Task directions: Print the listing in its entirety and exactly, leaving out images.

Collected data:
%%

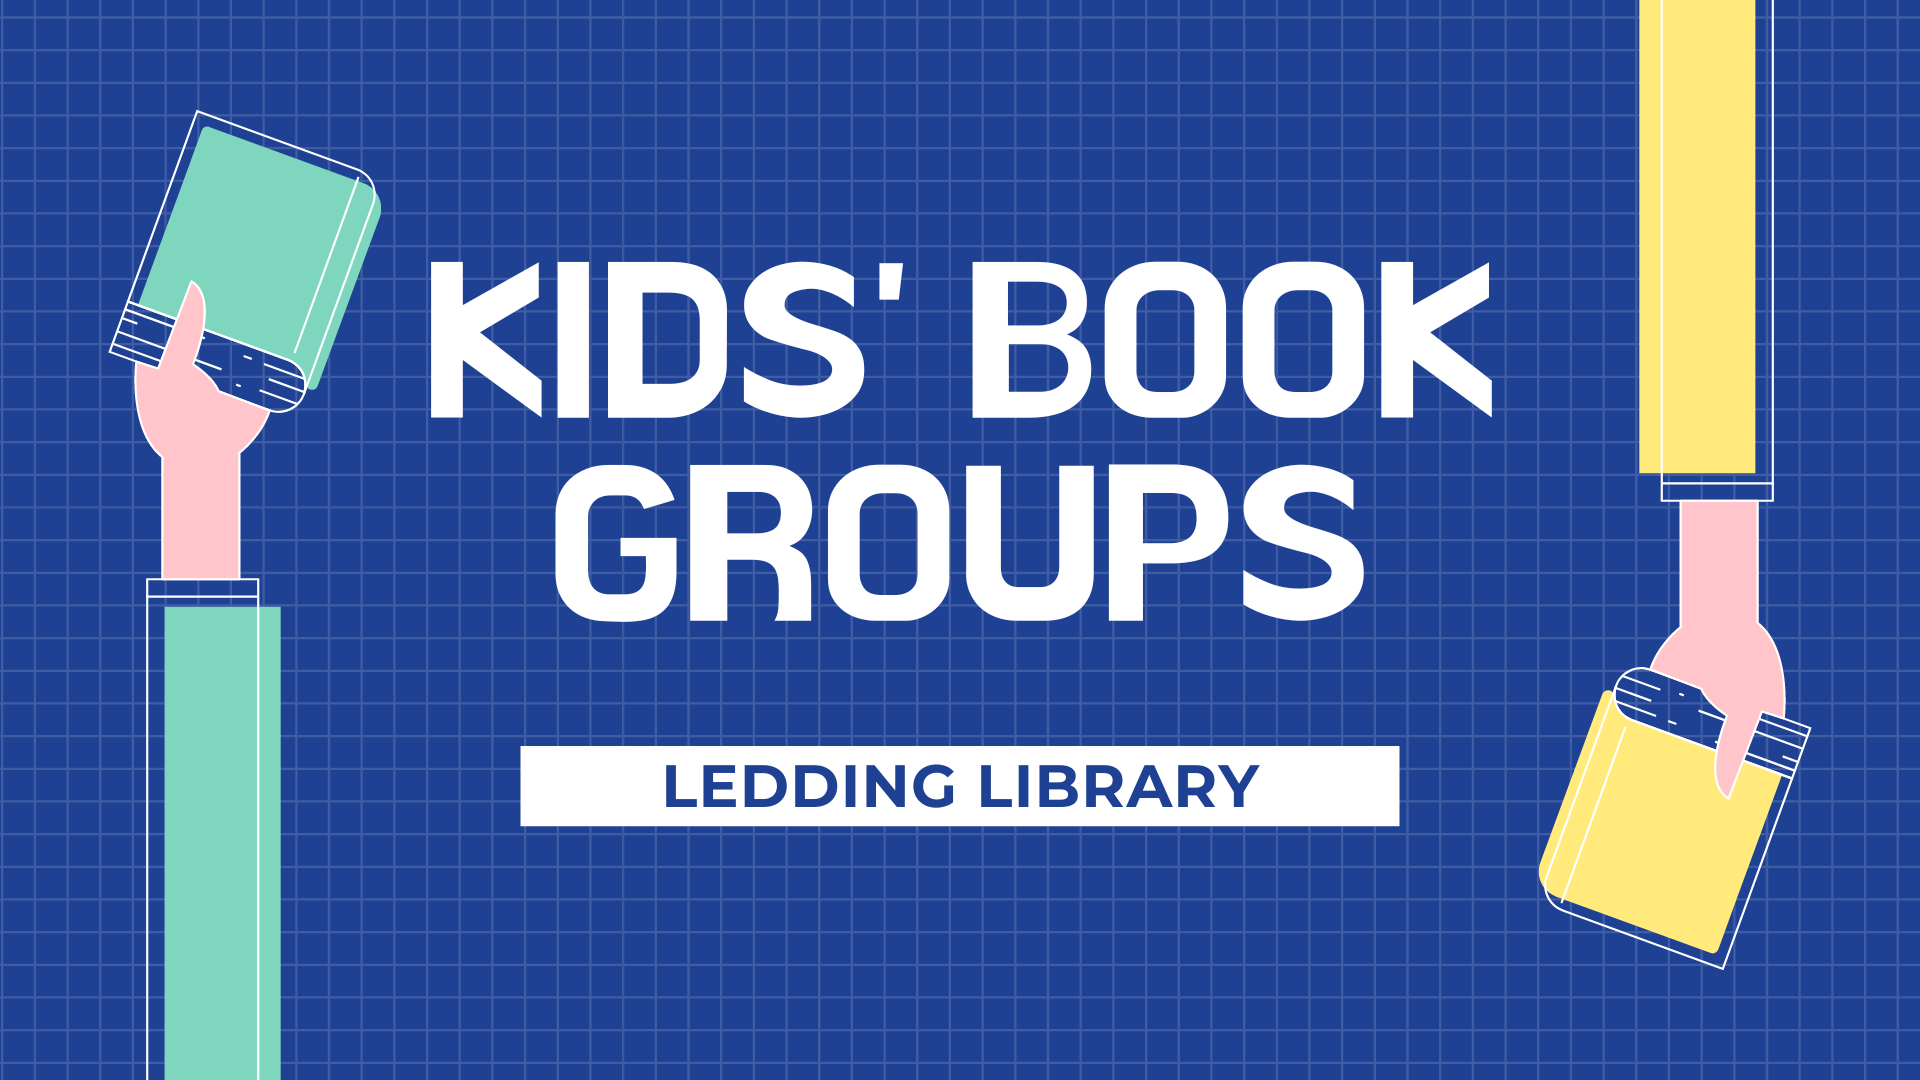 Kids' Book Groups Ledding Library
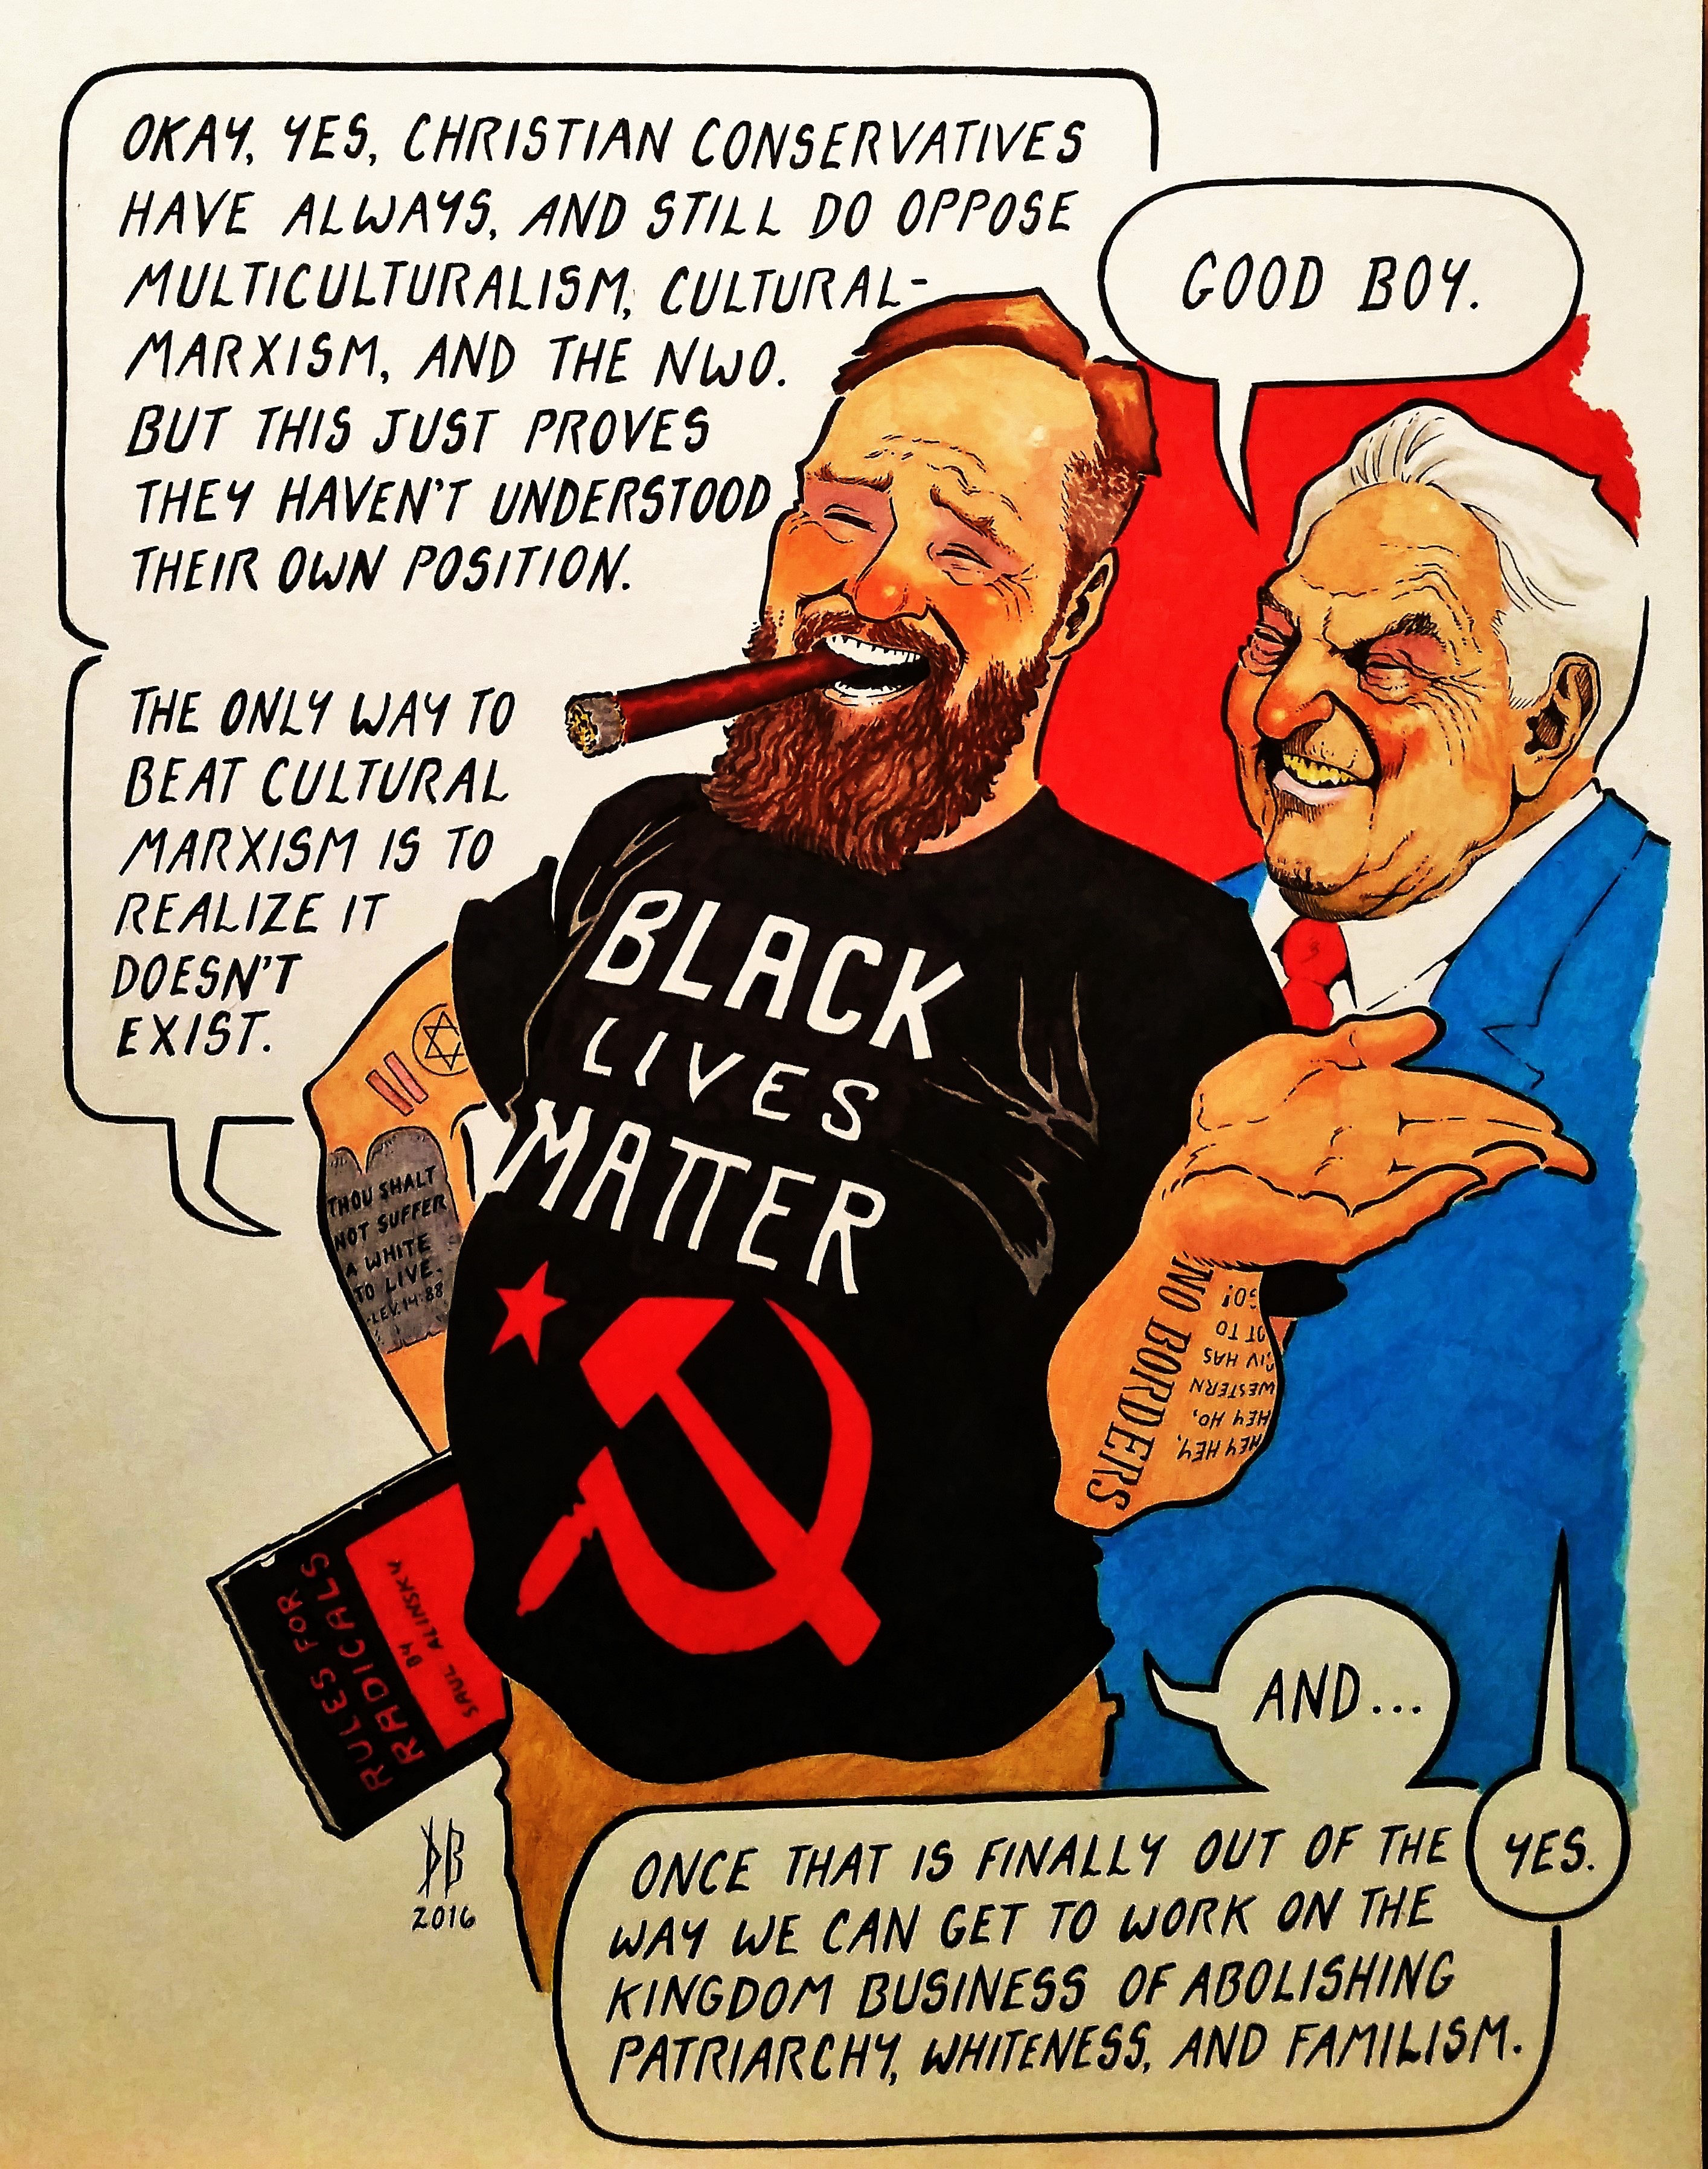 Joel McDurmon-cultural Marxism-Leon Trotsky-libertarianism-racism-American Vision-neo-theonomy
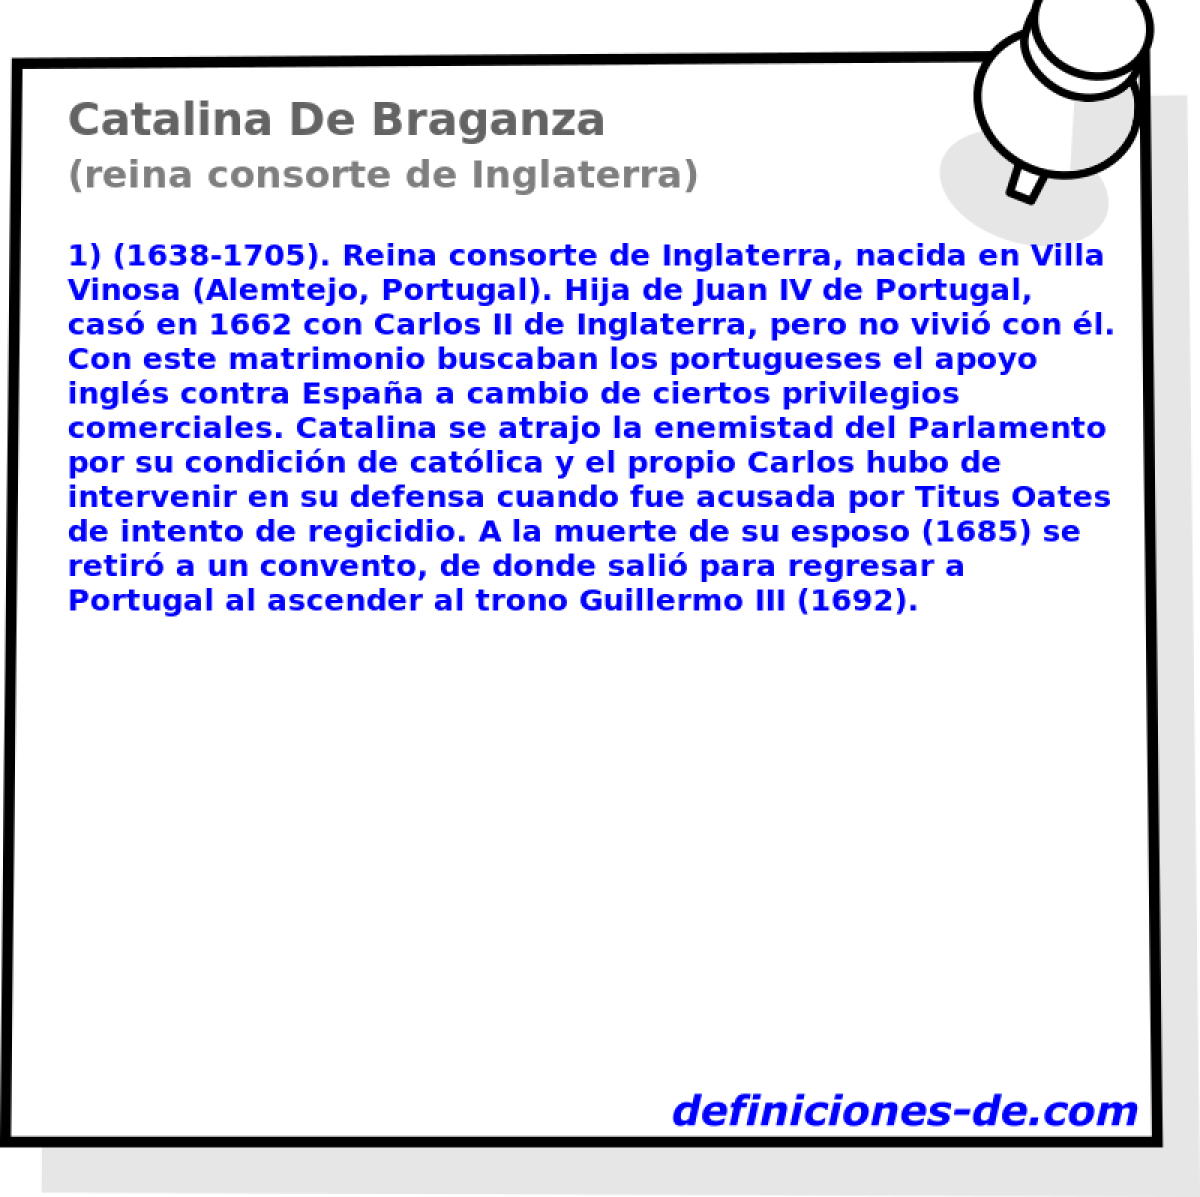 Catalina De Braganza (reina consorte de Inglaterra)

%%

Exercise solution:
 Kids' Book Groups Ledding Library
 Joel McDurmon-cultural Marxism-Leon Trotsky-libertarianism-racism-American Vision-neo-theonomy
 Catalina De Braganza (reina consorte de Inglaterra)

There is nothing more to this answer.